Work order -
Two lines below mark the span: the one containing "BOROUGH den Nike" and the one containing "بهترین کلینیک تخصصی". Set down both, plus every line between, exactly as they stand, and nothing else.

Given records -
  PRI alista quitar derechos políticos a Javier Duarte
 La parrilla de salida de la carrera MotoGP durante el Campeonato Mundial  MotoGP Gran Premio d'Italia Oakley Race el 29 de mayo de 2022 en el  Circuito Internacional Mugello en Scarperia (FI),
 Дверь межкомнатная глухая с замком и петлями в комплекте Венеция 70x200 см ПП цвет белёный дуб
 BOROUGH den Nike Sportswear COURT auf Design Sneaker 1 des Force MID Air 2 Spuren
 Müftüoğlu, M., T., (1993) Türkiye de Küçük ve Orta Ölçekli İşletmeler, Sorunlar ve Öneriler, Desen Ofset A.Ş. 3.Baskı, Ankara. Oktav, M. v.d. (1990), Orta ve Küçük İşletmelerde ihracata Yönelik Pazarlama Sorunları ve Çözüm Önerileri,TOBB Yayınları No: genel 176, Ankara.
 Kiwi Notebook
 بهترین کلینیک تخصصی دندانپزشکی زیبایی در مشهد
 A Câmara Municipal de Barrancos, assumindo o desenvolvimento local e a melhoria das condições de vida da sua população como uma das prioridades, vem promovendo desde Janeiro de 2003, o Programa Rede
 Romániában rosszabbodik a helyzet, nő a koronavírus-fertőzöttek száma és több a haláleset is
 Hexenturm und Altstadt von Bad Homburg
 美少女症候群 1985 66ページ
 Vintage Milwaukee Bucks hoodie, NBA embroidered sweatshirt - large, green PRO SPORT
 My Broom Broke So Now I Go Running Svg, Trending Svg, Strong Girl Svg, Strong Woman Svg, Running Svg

Exercise answer -
 BOROUGH den Nike Sportswear COURT auf Design Sneaker 1 des Force MID Air 2 Spuren
 Müftüoğlu, M., T., (1993) Türkiye de Küçük ve Orta Ölçekli İşletmeler, Sorunlar ve Öneriler, Desen Ofset A.Ş. 3.Baskı, Ankara. Oktav, M. v.d. (1990), Orta ve Küçük İşletmelerde ihracata Yönelik Pazarlama Sorunları ve Çözüm Önerileri,TOBB Yayınları No: genel 176, Ankara.
 Kiwi Notebook
 بهترین کلینیک تخصصی دندانپزشکی زیبایی در مشهد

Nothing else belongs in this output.